2- Traspasar los límites que la ley le otorga, pues siendo parte del Estado los funcionarios de la DGI solamente pueden hacer hasta donde las leyes lo permitan. Lo contrario es un abuso de autoridad.

3– Mantener en los estados de cuenta de los contribuyentes los impuestos prescritos.

Esto es un arma de doble filo, que se presta al engaño, pues los pagos que realice el contribuyente se aplican primero a los recargos e intereses por morosidad y a los impuestos más antiguos ya prescritos; y si el fisco mantiene lo prescrito en los estados de cuenta, los contribuyentes bien asesorados no pagan los impuestos, ni siquiera los no prescritos.

4– Secuestrar otros activos del propietario de bienes inmuebles morosos en el impuesto de inmuebles, a sabiendas que la morosidad de cada finca hace mérito ejecutorio para su debido cobro, en concordancia con lo que nos dice al artículo 789 del Código Fiscal, el cual señala que “En las ejecuciones para el cobro de este impuesto podrán embargarse los bienes por los cuales se adeude”. Anoto que no hay cabida para el concepto de “impuesto confiscatorio”.

5– No atender las solicitudes de los contribuyentes con la diligencia de un buen padre de familia y en estricto orden de llegada. La falta de respuestas oportunas por parte de funcionarios no calificados hace que las relaciones fisco-contribuyente se deterioren.

6- No procesar en tiempo oportuno las declaraciones rectificativas de cualquier impuesto y sin importar las consecuencias tributarias de las mismas. Total, la DGI no pierde su autoridad de confirmar su veracidad mediante posteriores auditorías.

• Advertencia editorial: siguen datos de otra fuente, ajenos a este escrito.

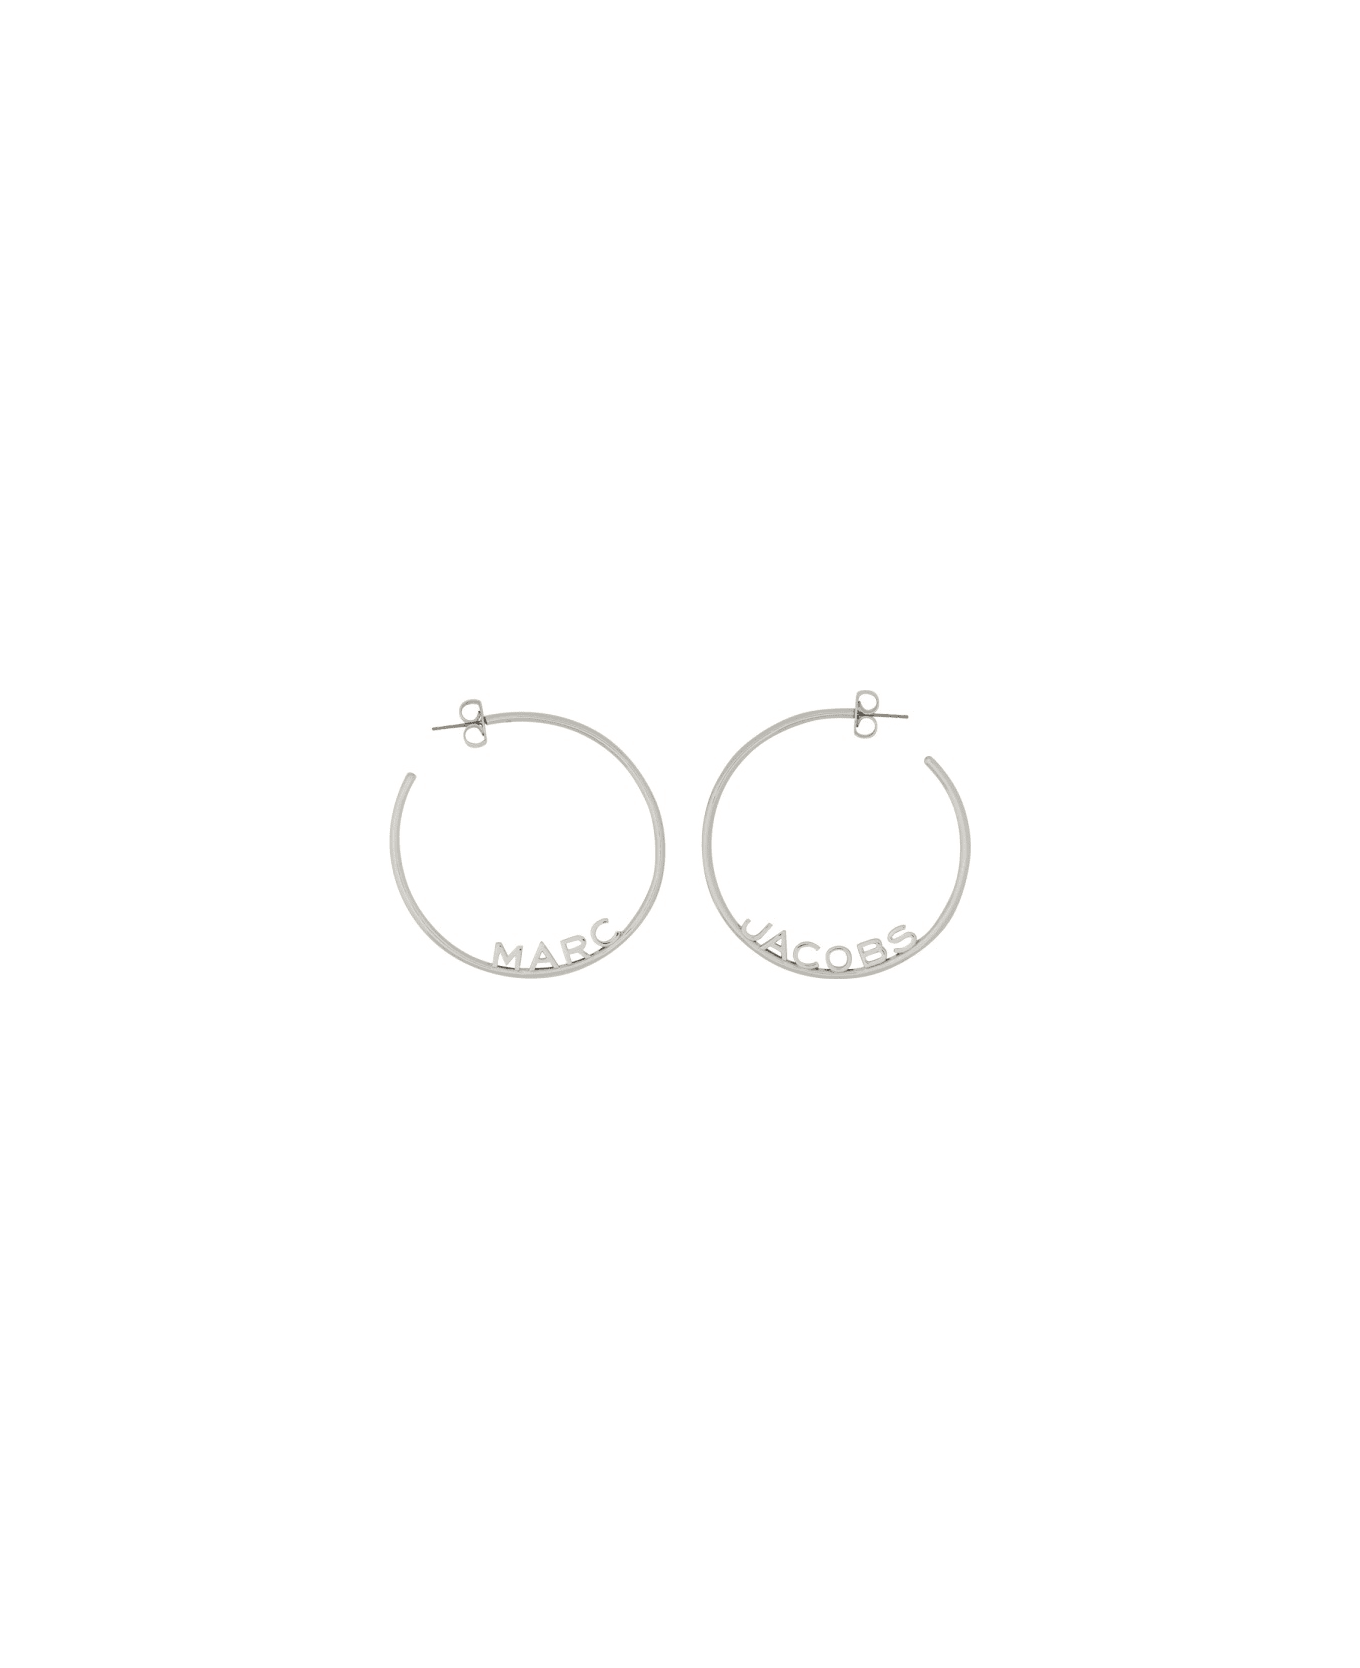 Marc Jacobs "monogram" Hoop Earrings - SILVER イヤリング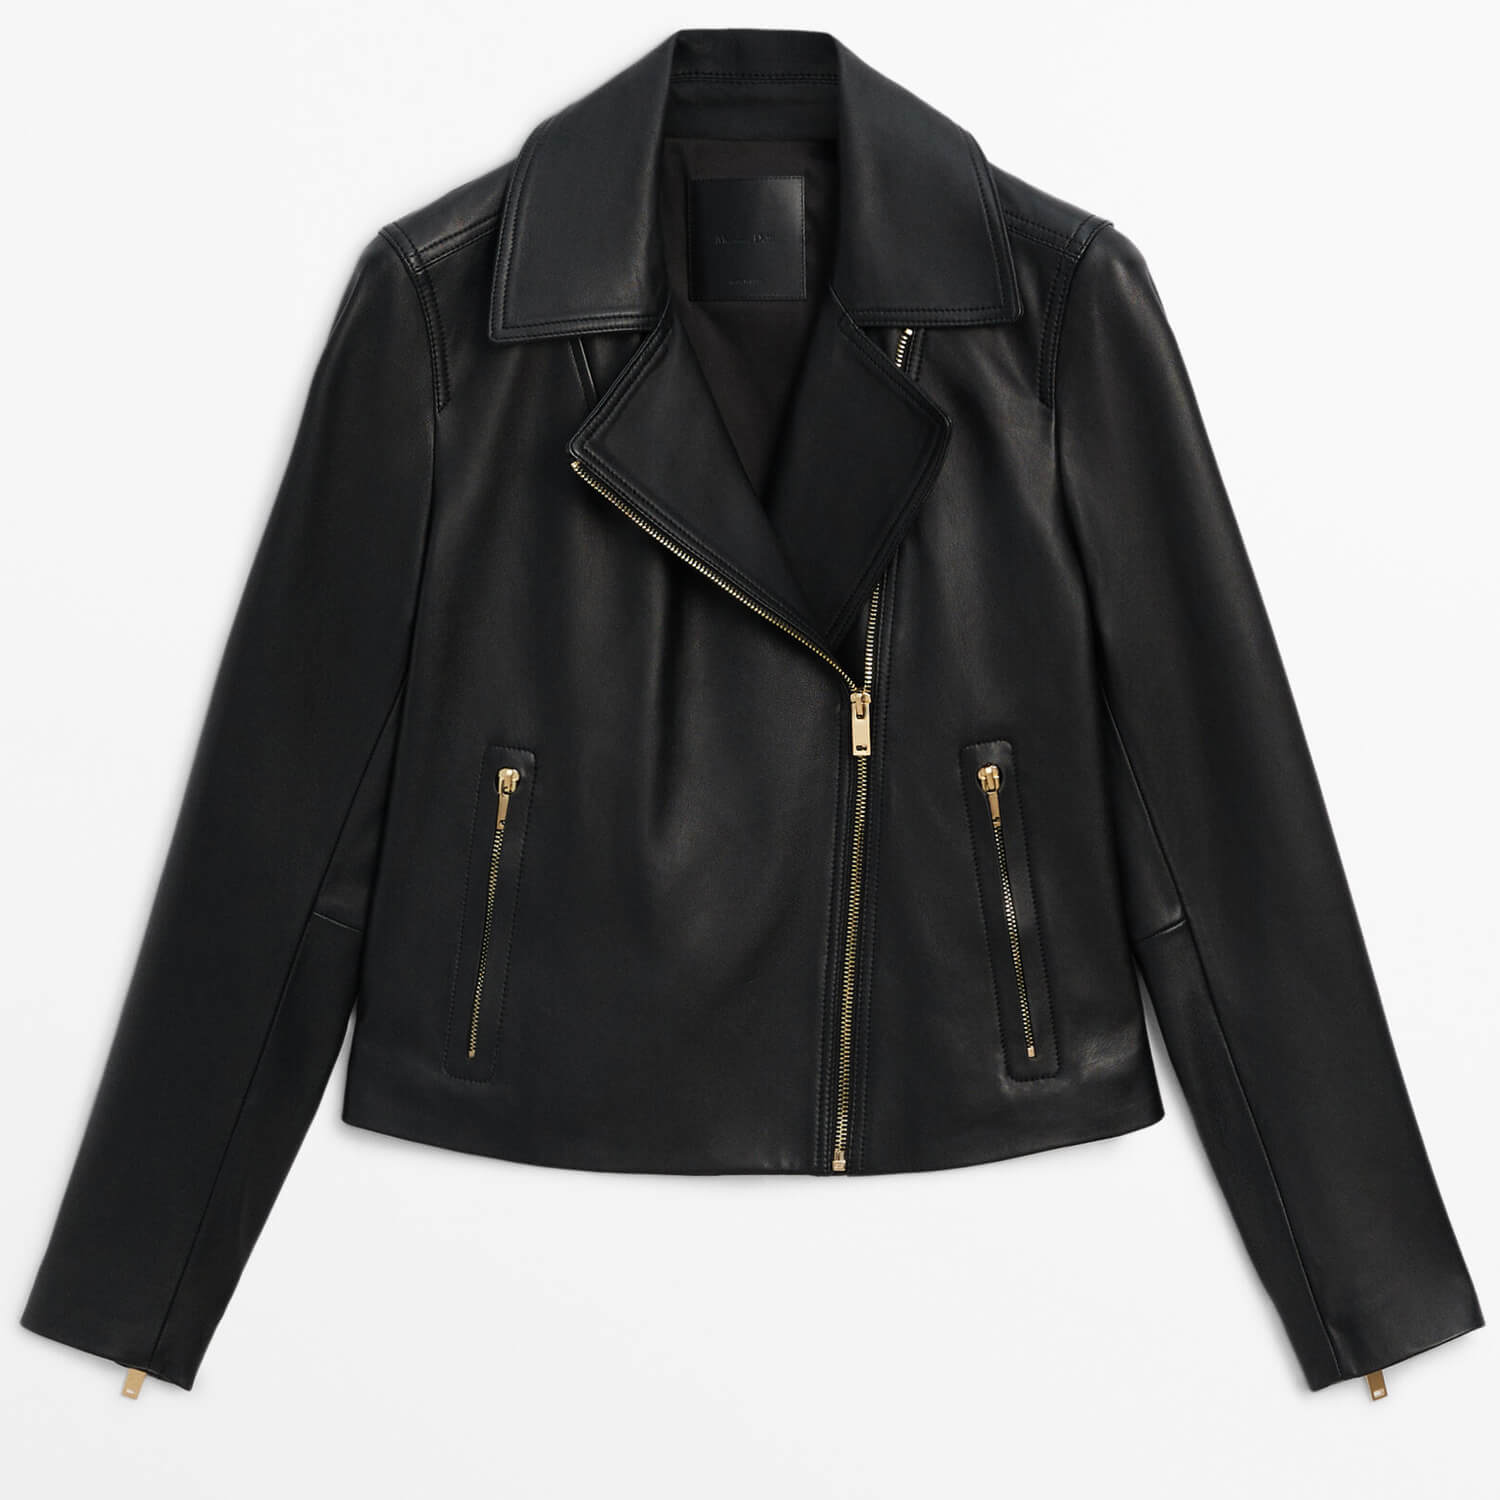 Куртка Massimo Dutti Nappa Leather Biker, черный женская байкерская стильная куртка из натуральной овечьей шкуры коричневая кожаная куртка с бахромой

7- Mantener en la reconsideración de los procesos fiscales la injusta dualidad de ser juez y parte, sobre todo cuando el contribuyente solicita un peritaje para dilucidar un conflicto de interpretación o aplicación de las normas. Un peritaje independiente sería lo justo.

8– Dejar en el archivo del olvido las solicitudes de devolución de impuestos pagados en exceso o indebidamente por los contribuyentes, amparándose en la ausencia de normas sobre el silencio administrativo positivo. Prima la recaudación sobre la equidad fiscal.

9– No cumplir cabalmente con el texto del artículo 133-F del Decreto Ejecutivo 170 de 1993, tal como fuera reformado por el Decreto Ejecutivo 98 de 2010, que otorga a la DGI un plazo máximo de seis meses “contados a partir de la fecha en que vence el plazo para presentar la declaración jurada de rentas, para pronunciarse sobre la solicitud de no aplicación” del CAIR.

10– Pretender cobrar el impuesto complementario sobre ganancias de capital obtenidas en un período fiscal cuando el resultado total de las operaciones del mismo año es negativo producto de pérdidas en otras actividades gravables. Cabe preguntar por qué pagar un adelanto al impuesto de dividendos si no hay utilidades en el período.

11- Cobrar el adelanto del impuesto sobre la renta (3%) en transferencias no onerosas de bienes inmuebles, violentando lo que señala el literal “a” del artículo 701 del Código Fiscal.

CÁPSULA FISCAL – Perdón por el exceso, pero sin impuestos no hay paraíso y sin equidad fiscal se pierde la voluntad.